RNA was isolated using RNeasy kit and libraries prepared using Illumina mRNA-Seq library kit. Raw FASTQ reads for all RNA-seq experiments were processed using FastQC and quality reads were aligned with the hg19 reference genome using TopHat(version 2.0.14)58 with a Bowtie2 (version 2.2.3)59 index based on UCSC annotations using the following criteria: -G -g 1 -r 150–mate-std-dev 50–library-type fr-unstranded. These criteria preserved only the best reads that uniquely mapped to the genome with one or fewer mismatches. To visualize RNA-seq libraries on the IGV browser, we used deepTools version 2.4.060 to generate bigWig files by scaling the bam files to RPKM using the following criteria: bamCoverage –b --normalizeUsing RPKM --smoothLength 300 --binSize 30 -o.

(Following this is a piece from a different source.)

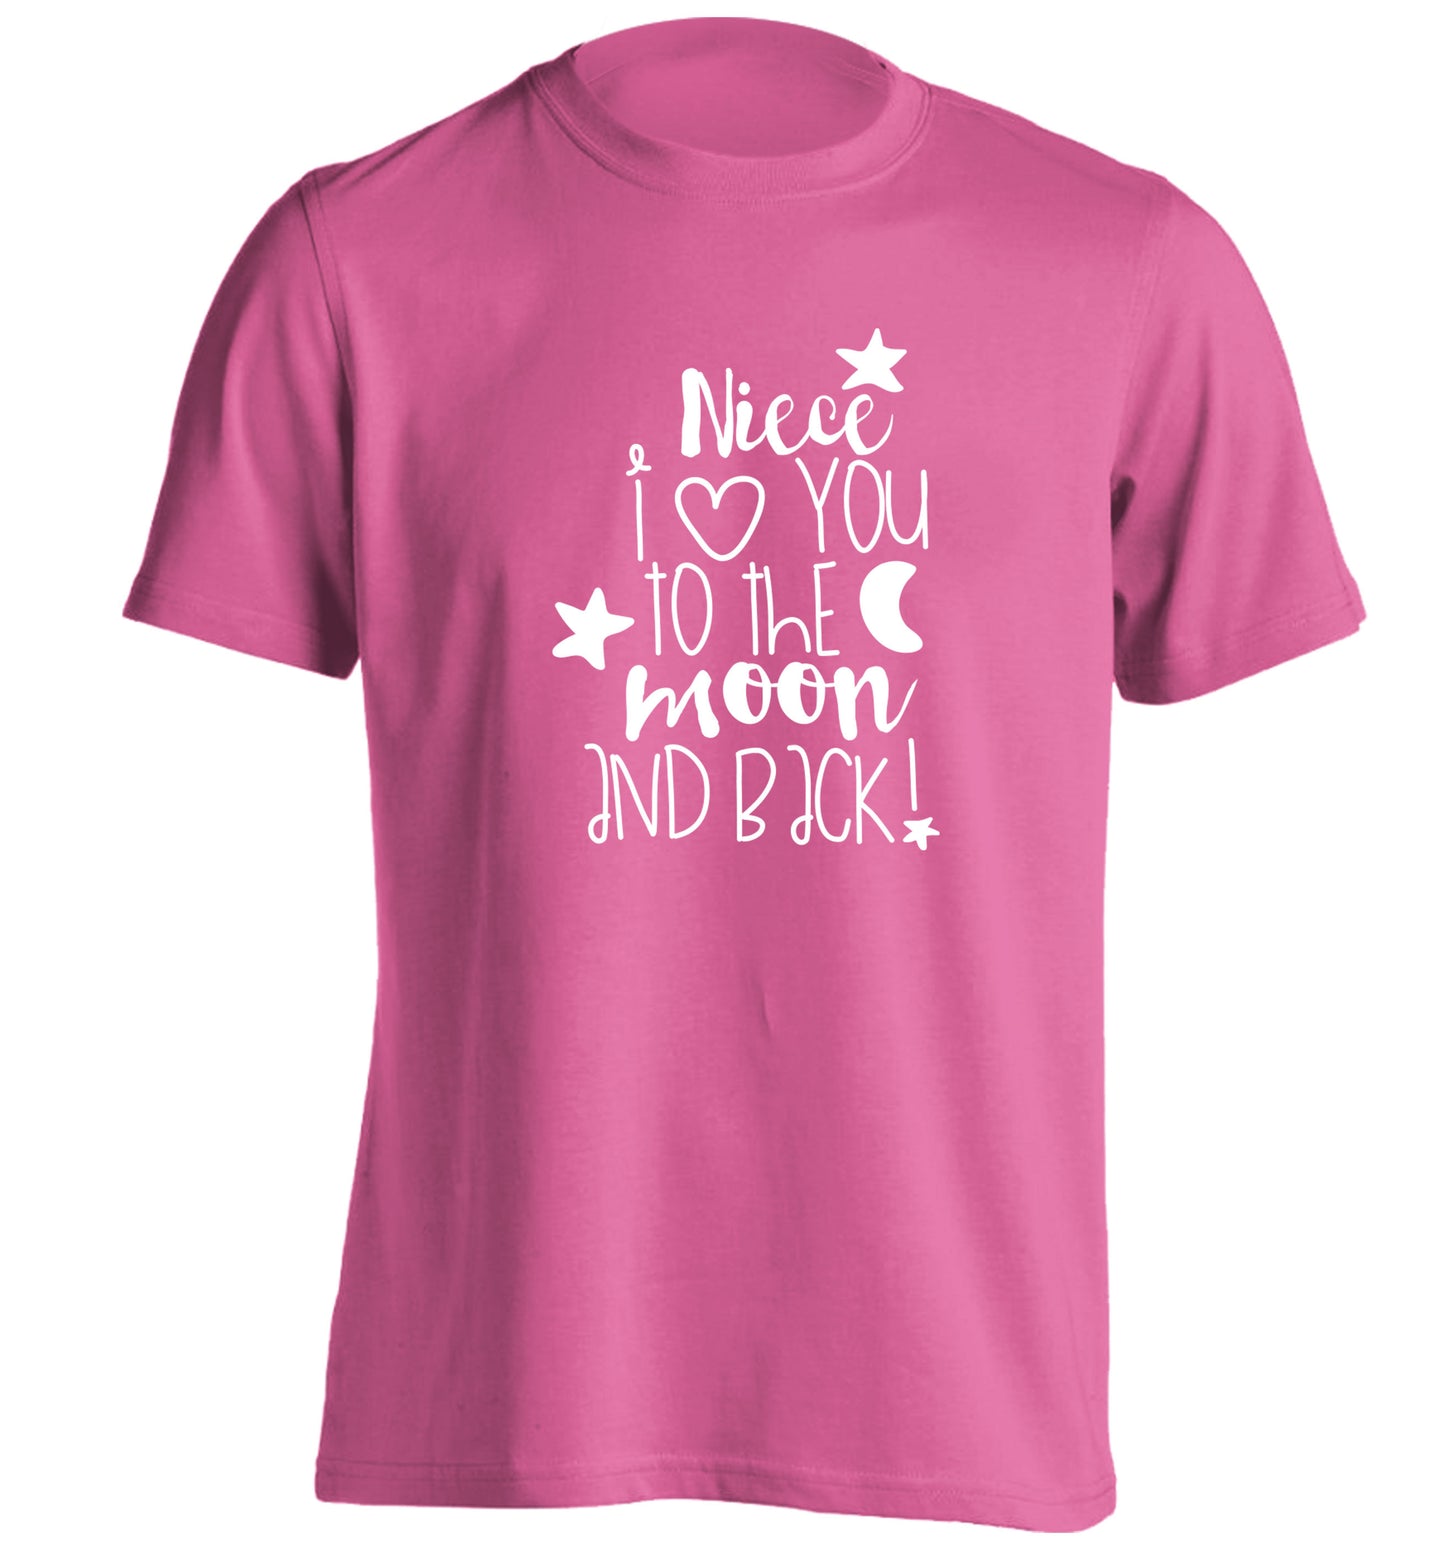 Niece I love you to the moon and back adults unisex pink Tshirt 2XL

For identification of differentially expressed genes and gene set enrichment analysis (GSEA), raw counts were obtained by assigning reads at the gene level across the UCSC hg19 reference genome using featureCount60 in the Rsubread package. DESeq261 was employed for normalization and identification of differentially expressed genes in UBR7-shRNA and Control samples. All plots were generated using the ggplot and ggrepel packages in R. GSEA62 was run with normalized counts from all identified differentially expressed genes using the hallmark, curated, and gene ontology gene sets with default settings.

Statistical analysis

TCGA data analysis: Gene expression data for UBR7 from TCGA data were analyzed using the UCSC Xena functional genomics browser. Cancer subtypes for gene expression data were extracted from PAM50 version.

ChIP-qPCR and qRT-PCR: All qRT-PCR, ChIP, and other quantification data were collected in experiments performed in technical triplicate. Each experiment was repeated at least three times, and statistically significant results were obtained. An unpaired two-tailed Student's t test was performed using the Prism software program (GraphPad Software) to assign the significant differences between groups. Significant differences were considered when P < 0.05, *P ≤ 0.05, **P ≤ 0.001, and ***P ≤ 0.0001. Error bars indicate the standard deviation of the mean for the technical replicates, as indicated in the legend.

TMAs: Two different TMAs were used: one for analyses of primary versus metastatic invasive ductal carcinoma tumors and the other for the association of UBR7 staining with ER, PR, and HER2 status. The intensity and percentage were measured three times for each tumor, and the means of these measures were used for data analyses (missing values were excluded). All statistical analyses were performed using R (version 3.3.1).

Reporting Summary

Further information on experimental design is available in the Nature Research Reporting Summary linked to this article.